I've pushed the patches here also:
https://git.kernel.org/pub/scm/linux/kernel/git/dhowells/linux-fs.git/log/?h=iov-old-dio
David
Changes
=======
ver #2)
- Fix use of ZERO_PAGE().
- Add wrappers for testing if a page is a zero page.
- Return the zero page obtained, not ZERO_PAGE(0) unconditionally.
- Need to set BIO_PAGE_PINNED conditionally, and not BIO_PAGE_REFFED.
Link: https://lore.kernel.org/r/ZGxfrOLZ4aN9/[email protected]/ [1]
Link: https://lore.kernel.org/r/[email protected]/ # v1
David Howells (3):
mm: Don't pin ZERO_PAGE in pin_user_pages()
mm: Provide a function to get an additional pin on a page
block: Use iov_iter_extract_pages() and page pinning in direct-io.c
fs/direct-io.c | 72 ++++++++++++++++++++++++-----------------
include/linux/mm.h | 1 +
include/linux/pgtable.h | 10 ++++++
mm/gup.c | 54 ++++++++++++++++++++++++++++++-
4 files changed, 107 insertions(+), 30 deletions(-)

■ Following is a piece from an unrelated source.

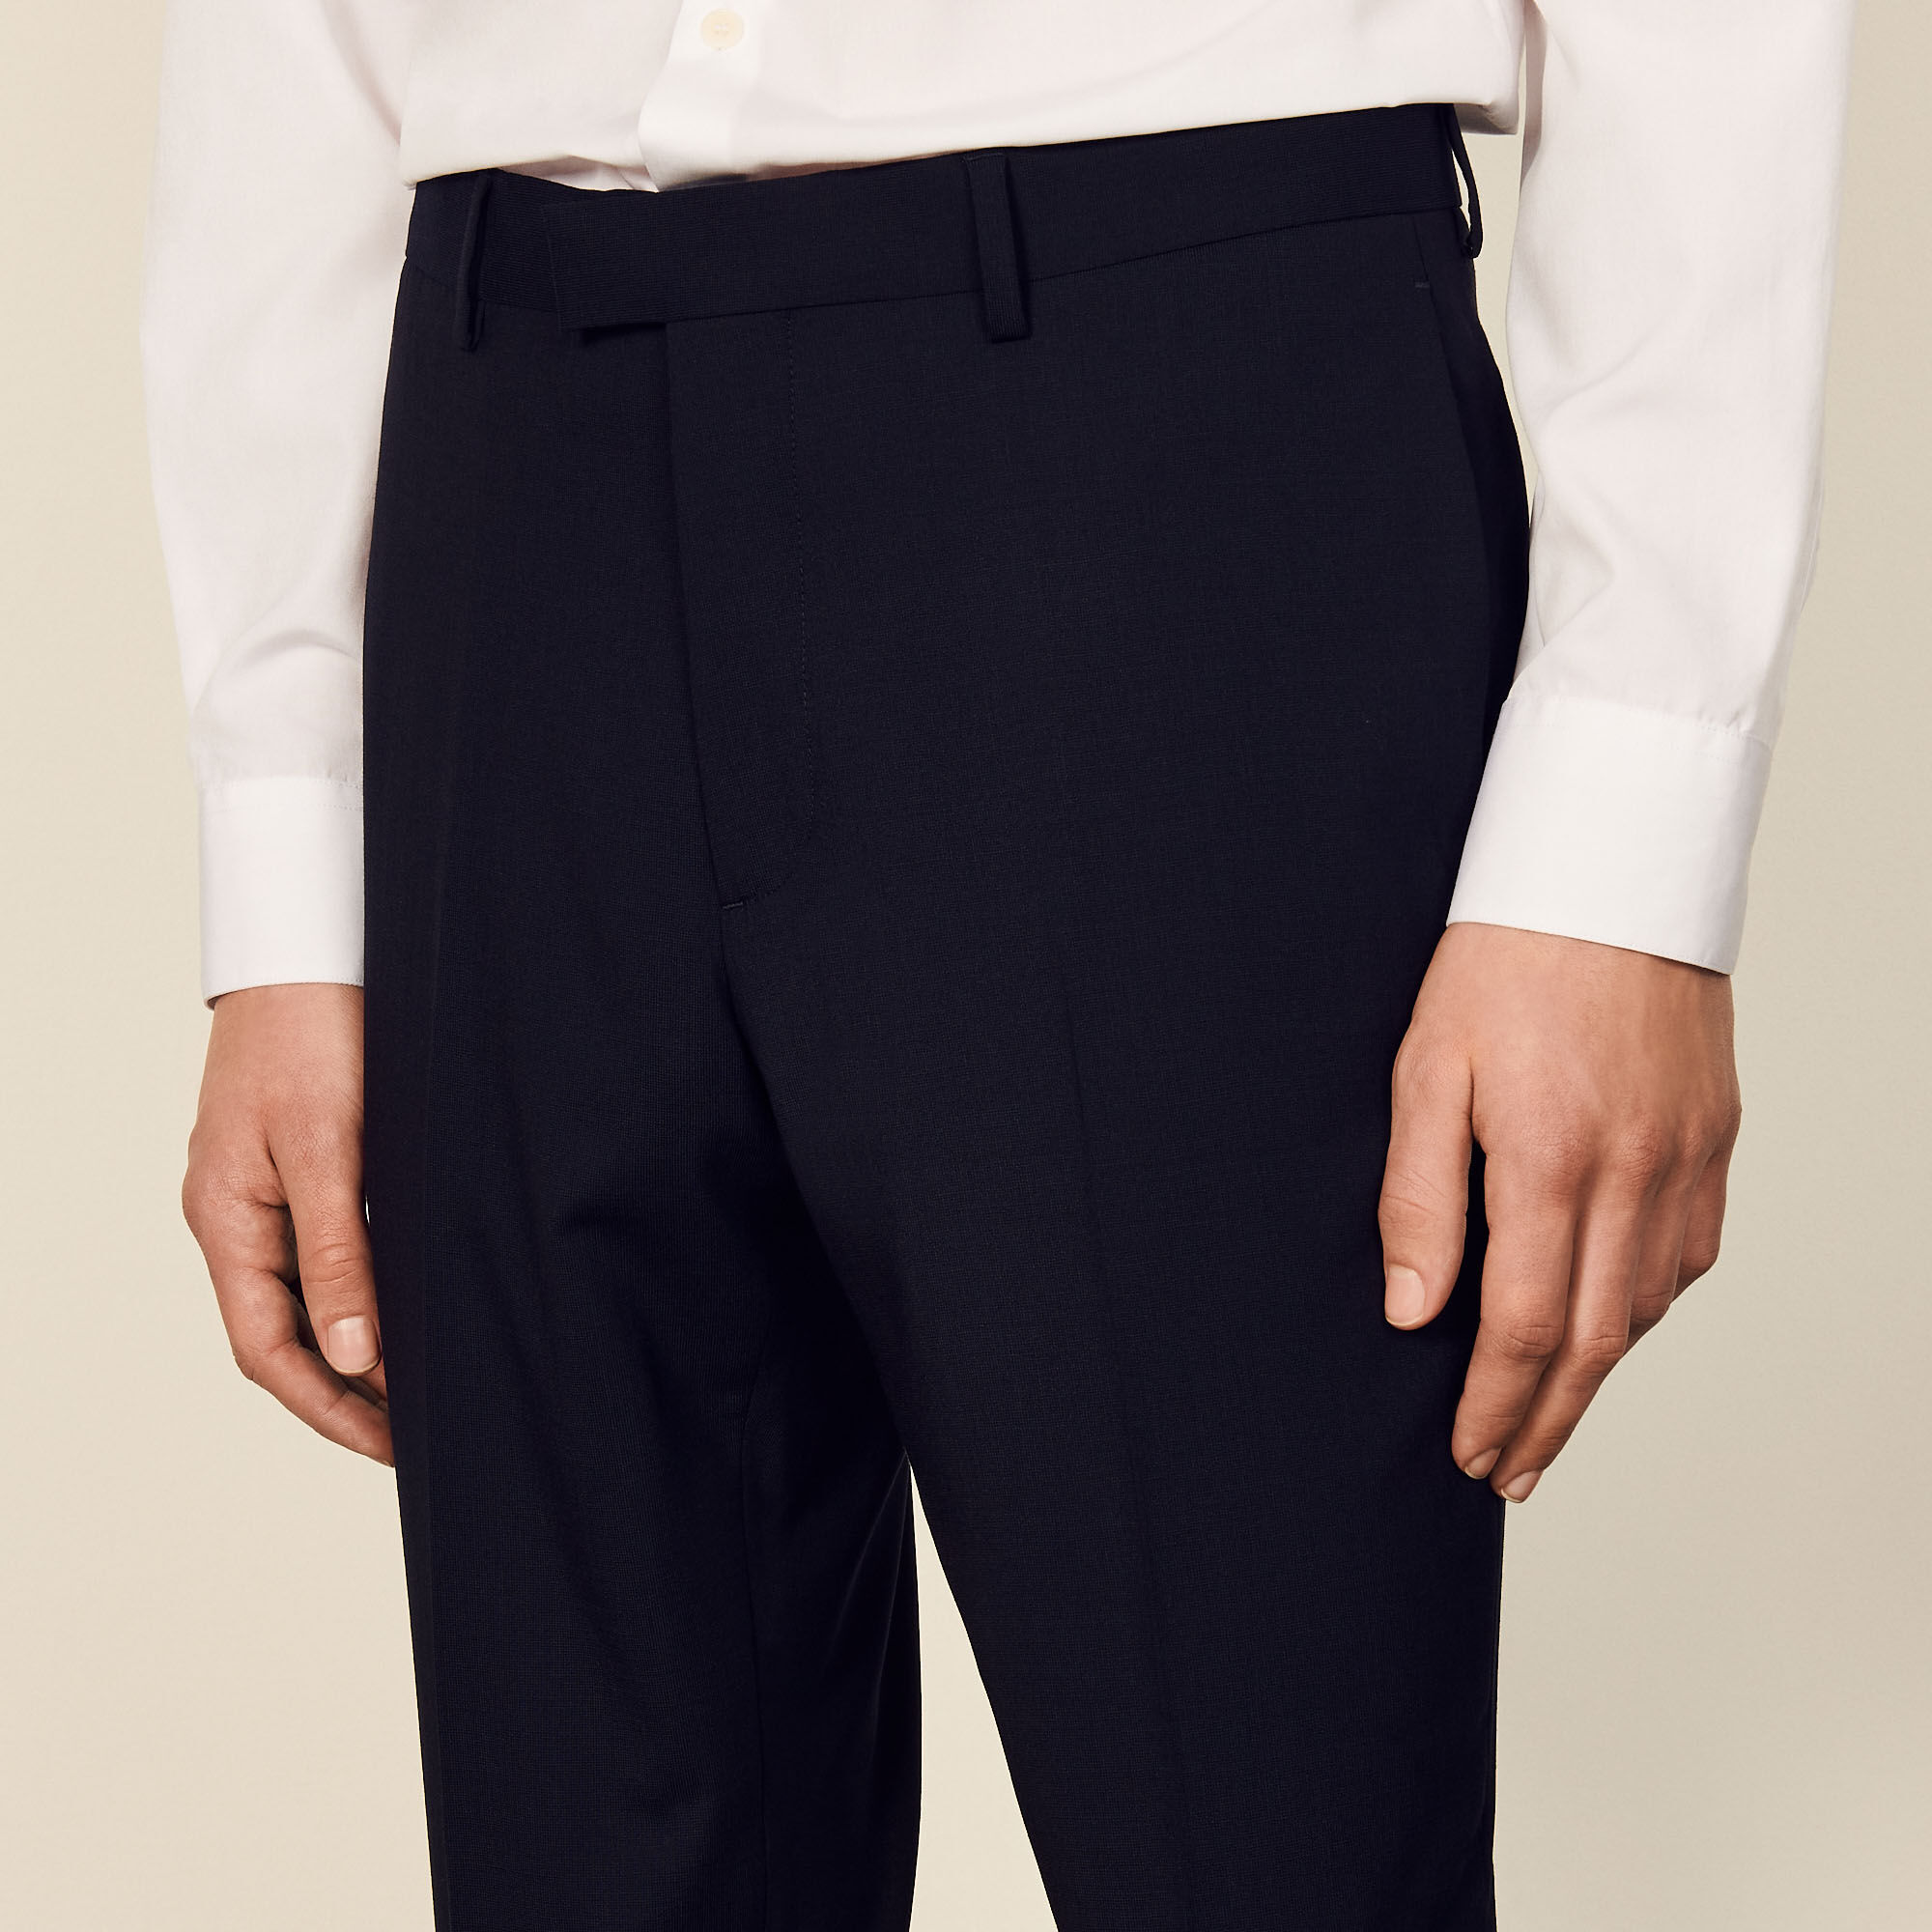 Classic wool suit pants Select a size and Login to add to Wish list

Provide a function to get an additional pin on a page that we already have
a pin on. This will be used in fs/direct-io.c when dispatching multiple
bios to a page we've extracted from a user-backed iter rather than redoing
the extraction.
Signed-off-by: David Howells <[email protected]>
cc: Christoph Hellwig <[email protected]>
cc: David Hildenbrand <[email protected]>
cc: Andrew Morton <[email protected]>
cc: Jens Axboe <[email protected]>
cc: Al Viro <[email protected]>
cc: Matthew Wilcox <[email protected]>
cc: Jan Kara <[email protected]>
cc: Jeff Layton <[email protected]>
cc: Jason Gunthorpe <[email protected]>
cc: Logan Gunthorpe <[email protected]>
cc: Hillf Danton <[email protected]>
cc: Christian Brauner <[email protected]>
cc: Linus Torvalds <[email protected]>
cc: [email protected]
cc: [email protected]
cc: [email protected]
cc: [email protected]
---
include/linux/mm.h | 1 +
mm/gup.c | 29 +++++++++++++++++++++++++++++
2 files changed, 30 insertions(+)
diff --git a/include/linux/mm.h b/include/linux/mm.h
index 27ce77080c79..931b75dae7ff 100644
--- a/include/linux/mm.h
+++ b/include/linux/mm.h
@@ -2383,6 +2383,7 @@ int get_user_pages_fast(unsigned long start, int nr_pages,
unsigned int gup_flags, struct page **pages);
int pin_user_pages_fast(unsigned long start, int nr_pages,
unsigned int gup_flags, struct page **pages);
+void page_get_additional_pin(struct page *page);
int account_locked_vm(struct mm_struct *mm, unsigned long pages, bool inc);
int __account_locked_vm(struct mm_struct *mm, unsigned long pages, bool inc,
diff --git a/mm/gup.c b/mm/gup.c
index 69b002628f5d..4b4353a184ed 100644
--- a/mm/gup.c
+++ b/mm/gup.c
@@ -275,6 +275,35 @@ void unpin_user_page(struct page *page)
}
EXPORT_SYMBOL(unpin_user_page);
+/**
+ * page_get_additional_pin - Try to get an additional pin on a pinned page
+ * @page: The page to be pinned
+ *
+ * Get an additional pin on a page we already have a pin on. Makes no change
+ * if the page is the zero_page.
+ */
+void page_get_additional_pin(struct page *page)
+{
+ struct folio *folio = page_folio(page);
+
+ if (page == ZERO_PAGE(0))
+ return;
+
+ /*
+ * Similar to try_grab_folio(): be sure to *also* increment the normal
+ * page refcount field at least once, so that the page really is
+ * pinned.
+ */
+ if (folio_test_large(folio)) {
+ WARN_ON_ONCE(atomic_read(&folio->_pincount) < 1);
+ folio_ref_add(folio, 1);
+ atomic_add(1, &folio->_pincount);
+ } else {
+ WARN_ON_ONCE(folio_ref_count(folio) < GUP_PIN_COUNTING_BIAS);
+ folio_ref_add(folio, GUP_PIN_COUNTING_BIAS);
+ }
+}
+
static inline struct folio *gup_folio_range_next(struct page *start,
unsigned long npages, unsigned long i, unsigned int *ntails)
{
Change the old block-based direct-I/O code to use iov_iter_extract_pages()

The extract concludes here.